Newport (), historically known as Ballyveaghan and for many years also known as Newport-Pratt, is a small town in the barony of Burrishoole, County Mayo, Ireland. The population was 626 in 2016. It is located on the west coast of Ireland, along the shore of Clew Bay, north of Westport.  The N59 road passes through the town.  The county town of Castlebar is approx 18 km east of Newport.  The Black Oak River flows through the centre of the town and there are walking paths along its banks.

Transport

Bus
Bus Éireann route 440, via Westport and Ireland West Airport Knock, operates once a day in each direction. On Sundays route 440 does not operate however Expressway route 52 provides an evening journey each way to/from Westport and Galway.

Rail access
The nearest train station is Westport railway station, approximately 14 km south.

History
Newport was established in the early 18th century by the Medlycott family. James Moore, working for the Medlycott Estate, designed the quay at Newport in a formal layout. The Medlycott family's land agent was a Captain Pratt. Pratt introduced linen manufacturing to the town under the management of immigrant Quakers who relocated to County Mayo from Ulster. It would appear that, although the immigrant Quakers found living conditions in Mayo difficult, the linen industry picked up in the mid-18th century and for the next forty years or so the town prospered around the industry. By the early 19th century it again fell into decline, and it was superseded as a port by the town of Westport seven miles to the south.  At the end of the 18th century, the Medlycott Estate was taken over by the O'Donel family who built Newport House, now a hotel, overlooking the harbour.

Quakers in Newport
In 1719 a community of Quakers came to Newport under a Captain Pratt who established a colony of linen weavers in the town which was known as Ballyvaughan at that time.  Quakers, due to their reputation of being honest and hard-working tenants, were sought after by the landlords of estates at the time.  Quaker communities usually prospered wherever they went, but the Quakers in Newport were reported to be in poor circumstances, and they needed support and help from other Quakers across Ireland and further afield from whom they were now far removed geographically by their remote location.  The nearest community of Quakers was based in Ballymurray, County Roscommon.

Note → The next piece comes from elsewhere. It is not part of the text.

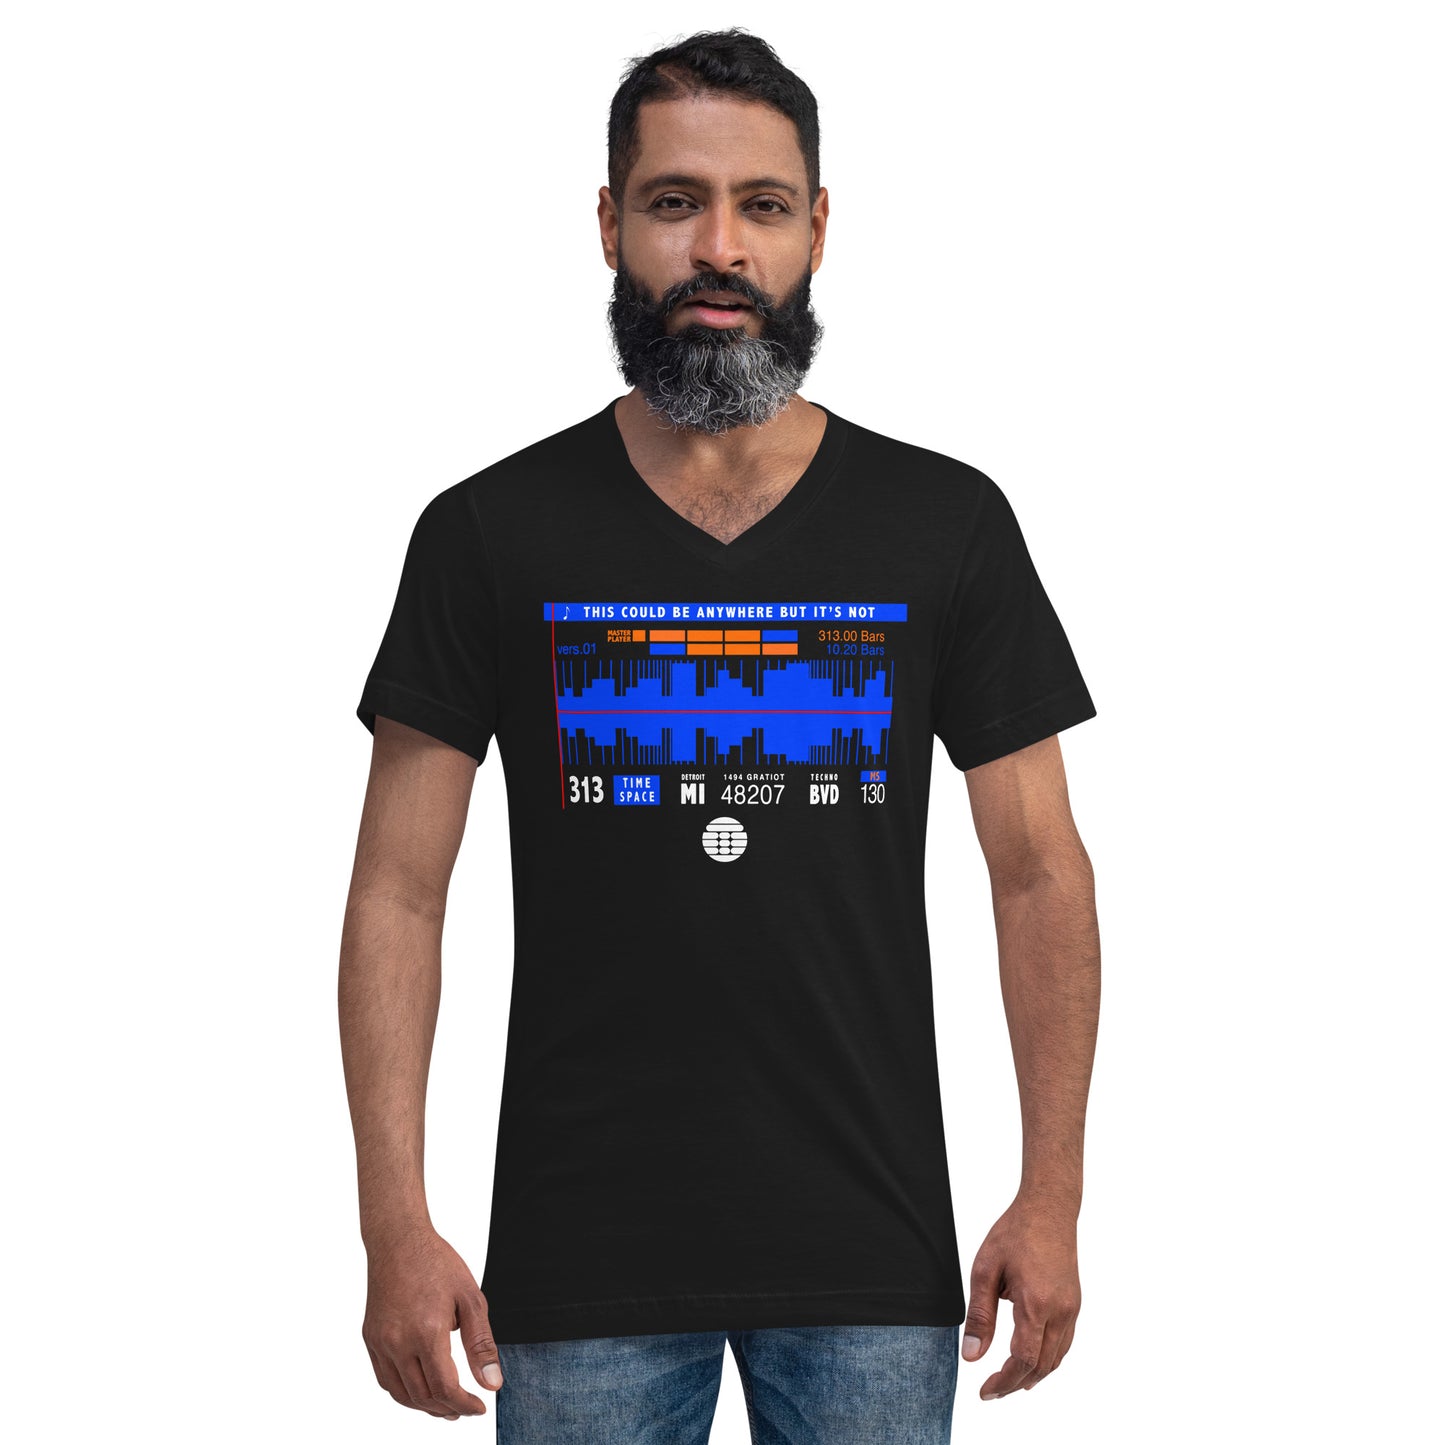 DERRICK MAY / This Could be Anywhere But It's Not Unisex Short Sleeve V-Neck T-Shirt
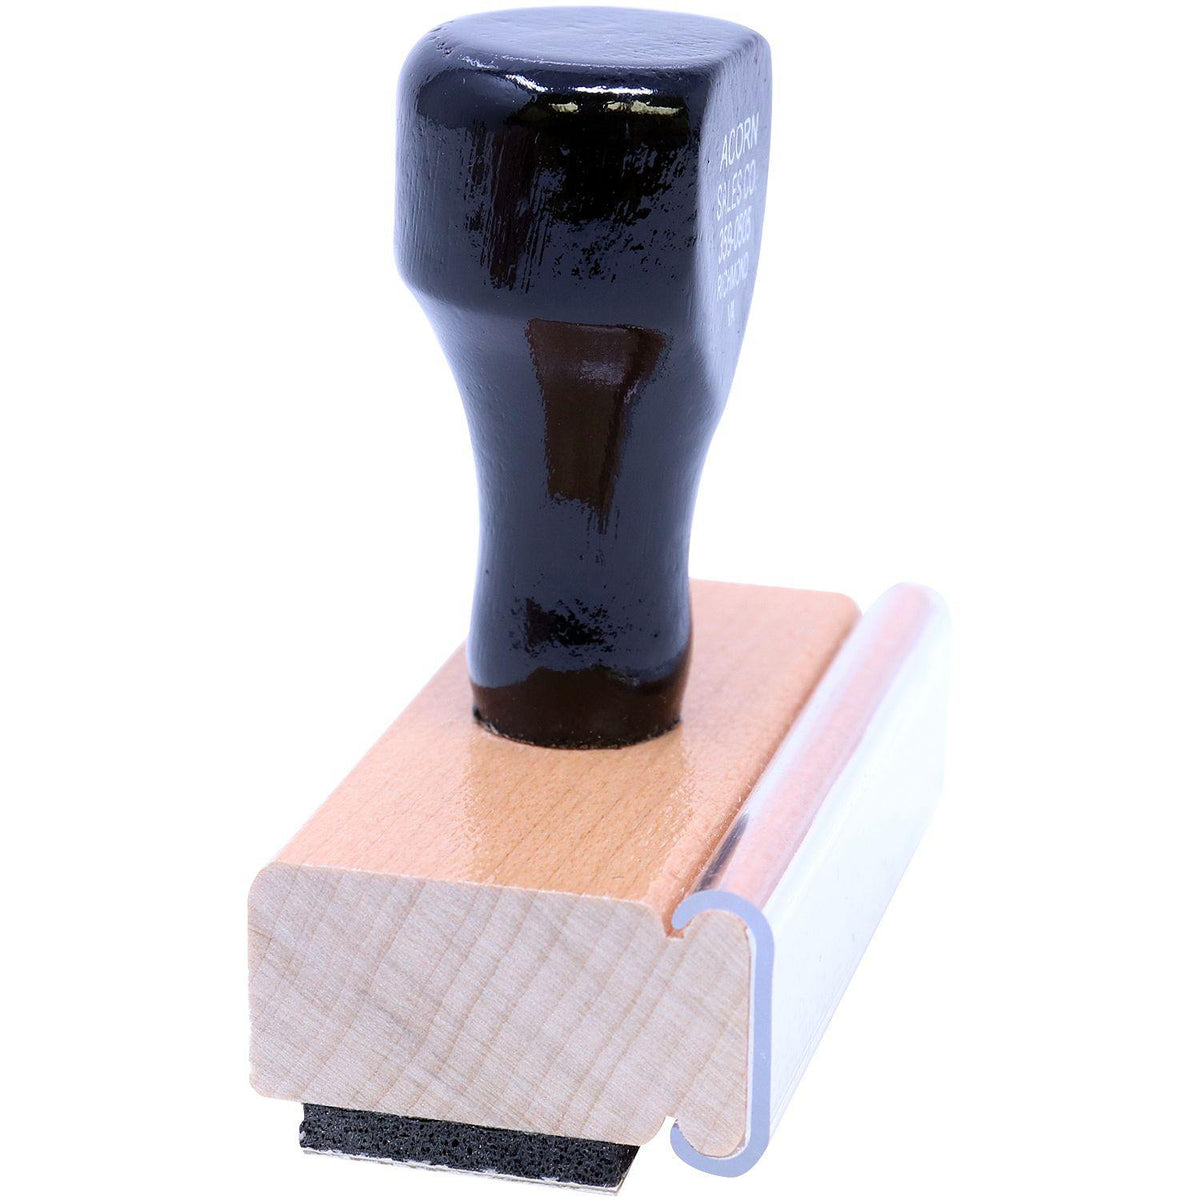 Side View of Vehicle Loans Rubber Stamp at an Angle

The Newport Quakers appear to have had no meeting house, instead meeting for religious worship in each other's homes.  With many deaths of their young people occurring within the community in the years after resettling in Mayo, a burial ground had to be established for them in the town.  The linen business interests fell on hard times and life was a struggle with constant assistance having to be brought to Newport by visiting Quakers.  By 1736 the Newport Quakers started to think about moving from their settlement.  They were unable to find suitable marriage partners from within their own community as they were all closely related and this caused them concern. The Newport Quaker community struggled on for a few more years and eventually bought some land in Roscommon where they would be closer to the Quaker community at Ballymurray.  During the winter of 1739/1740 the last of the Newport Quakers left their Newport land and homes and moved to County Roscommon where their lives would be less wretched.  Some Quakers went to America to make new lives for themselves in the years that followed.

Convent of Mercy
The O'Donel family, who took over from the Medlycotts, were Protestant. However, George O'Donel's wife was a Catholic and he donated three acres of land on Barrack Hill to the Sisters of Mercy to build a convent in Newport. It was noted that when the foundations were being dug out for the new convent in 1884, many coins and buttons were unearthed, the buttons bearing the inscription of "Pratt".  In 1887 the convent was completed and St. Joseph's Convent National School opened with a roll of 211 girls and 34 boys.  The school was a success and numbers continued to grow. The nuns were a popular addition to Newport and local merchants donated gifts to the convent. In 1894, a lace school to train girls in the lacemaking industry opened and provided some industry - until the lace market collapsed after World War II. Due to rationalisation, the sisters vacated the convent in 1977 and took up residence in a rented building in the town.  The convent managed Newport secondary school which opened in September 1956. However following the introduction of free education and free transport for second level pupils in the late sixties, the secondary school which had always experienced some difficulties in attracting a sufficiently large number of pupils was finally closed in June 1969. Since 1969 then, Newport pupils again travel to secondary schools in Westport.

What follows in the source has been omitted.